**Exercise directions**
No pictures go into the copy. Write out exactly the lines below from the one containing "A Tiffany Studios" through the one containing "A similar picture".

**Records for this exercise**
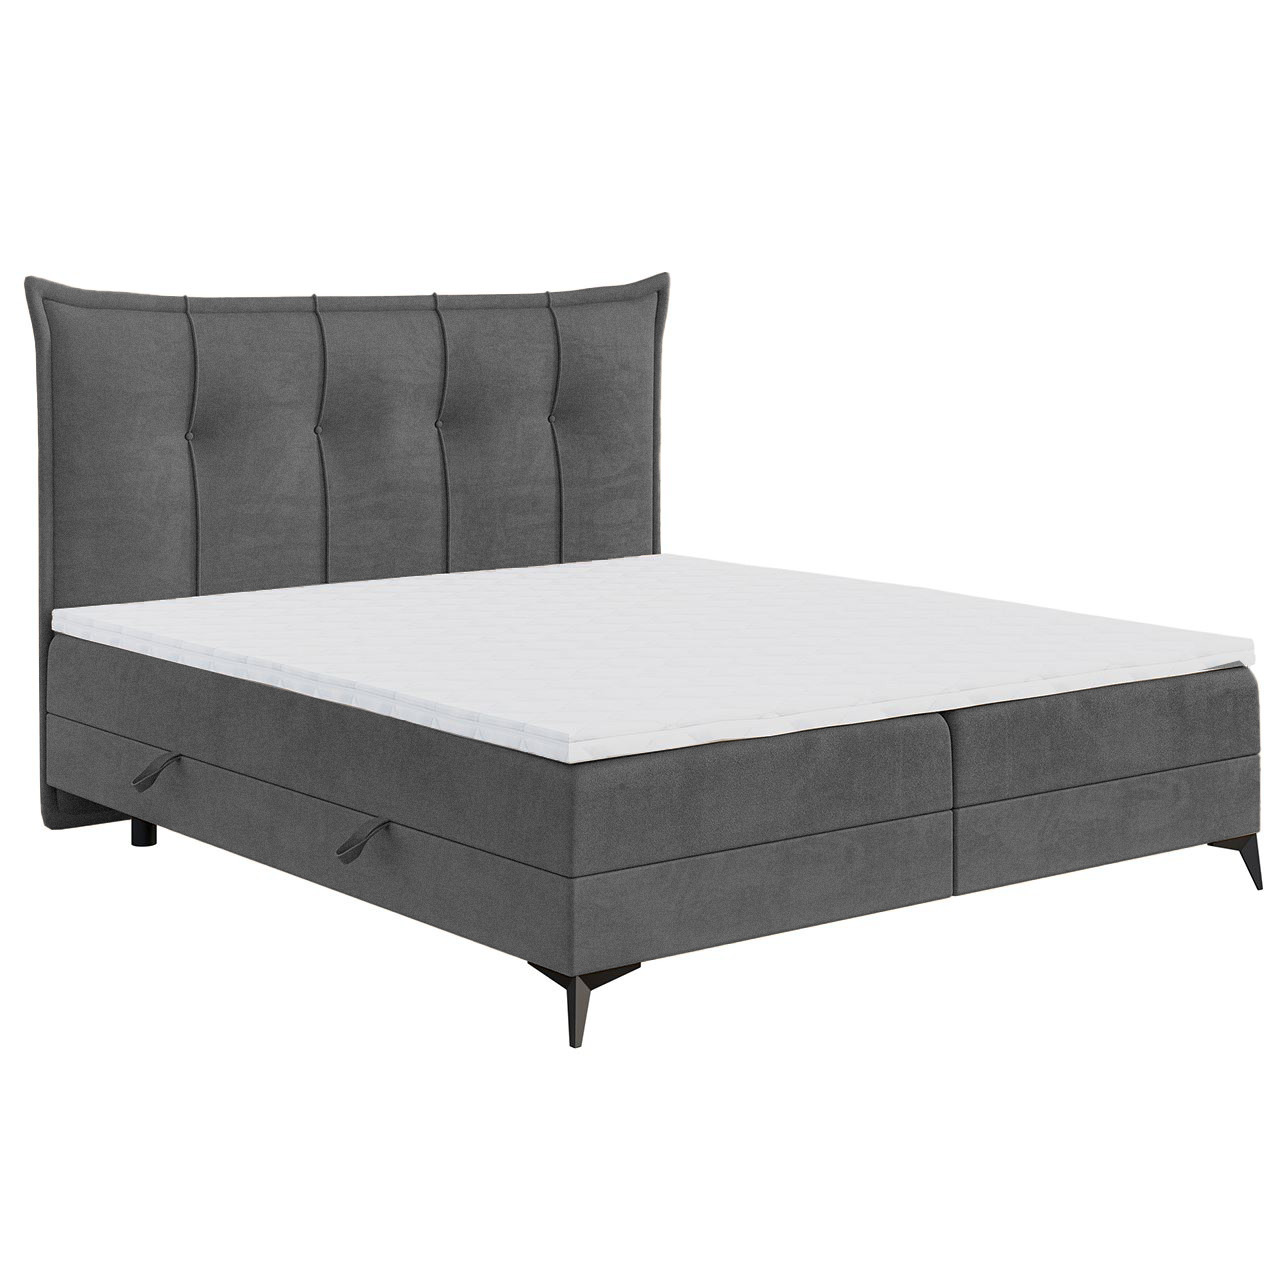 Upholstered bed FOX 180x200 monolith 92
* * *
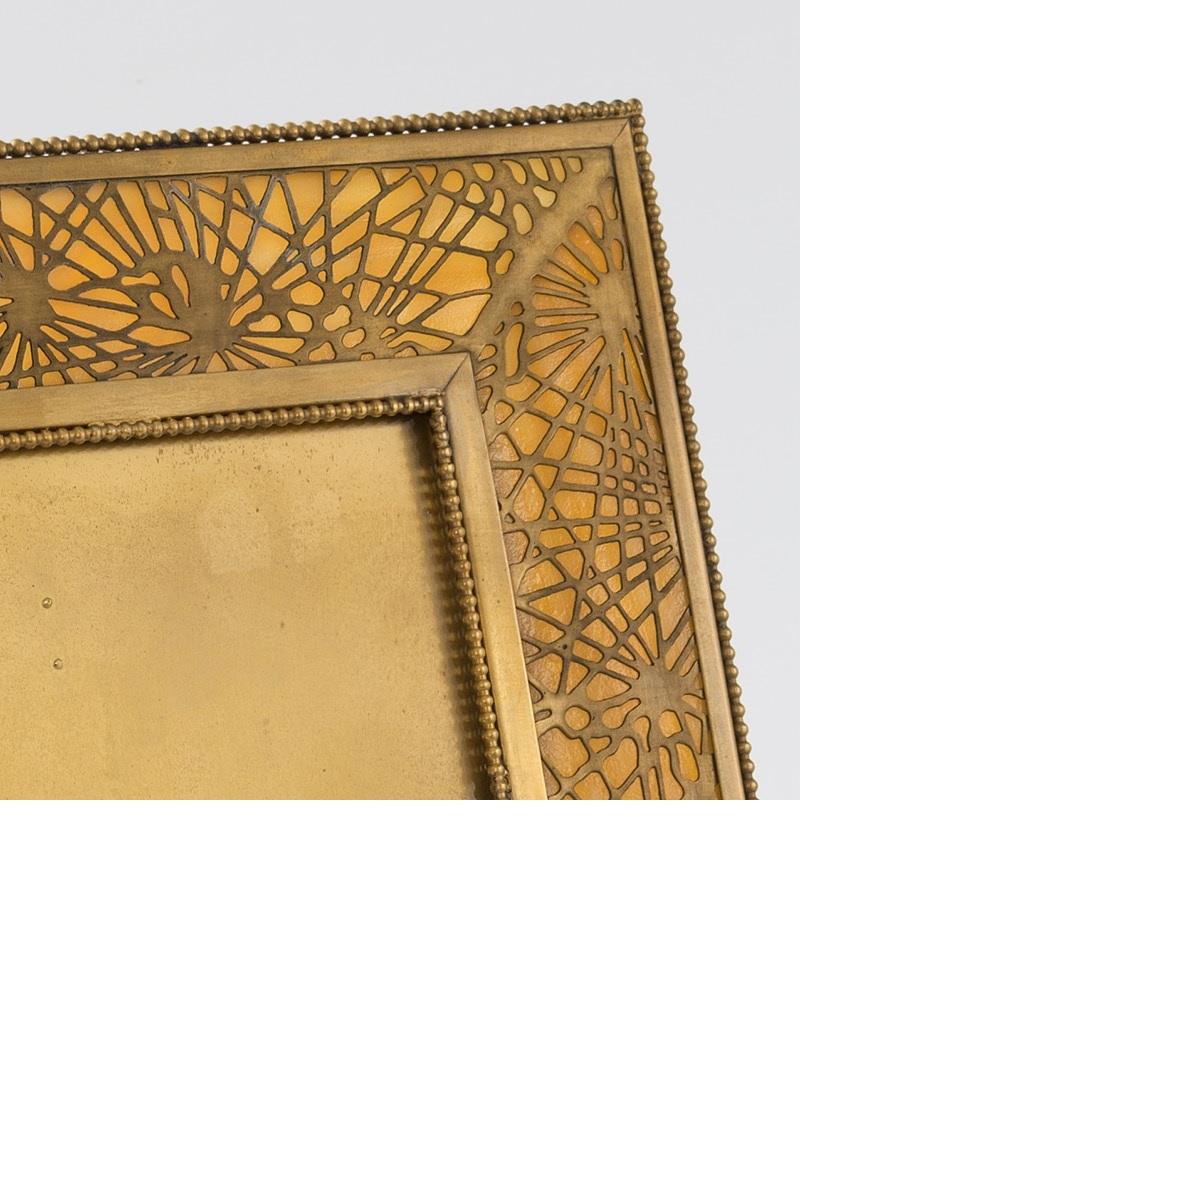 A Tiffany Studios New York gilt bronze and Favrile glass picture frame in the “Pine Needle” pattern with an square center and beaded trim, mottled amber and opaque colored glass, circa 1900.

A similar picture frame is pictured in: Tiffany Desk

**Finished task**
 A Tiffany Studios New York gilt bronze and Favrile glass picture frame in the “Pine Needle” pattern with an square center and beaded trim, mottled amber and opaque colored glass, circa 1900.

A similar picture frame is pictured in: Tiffany Desk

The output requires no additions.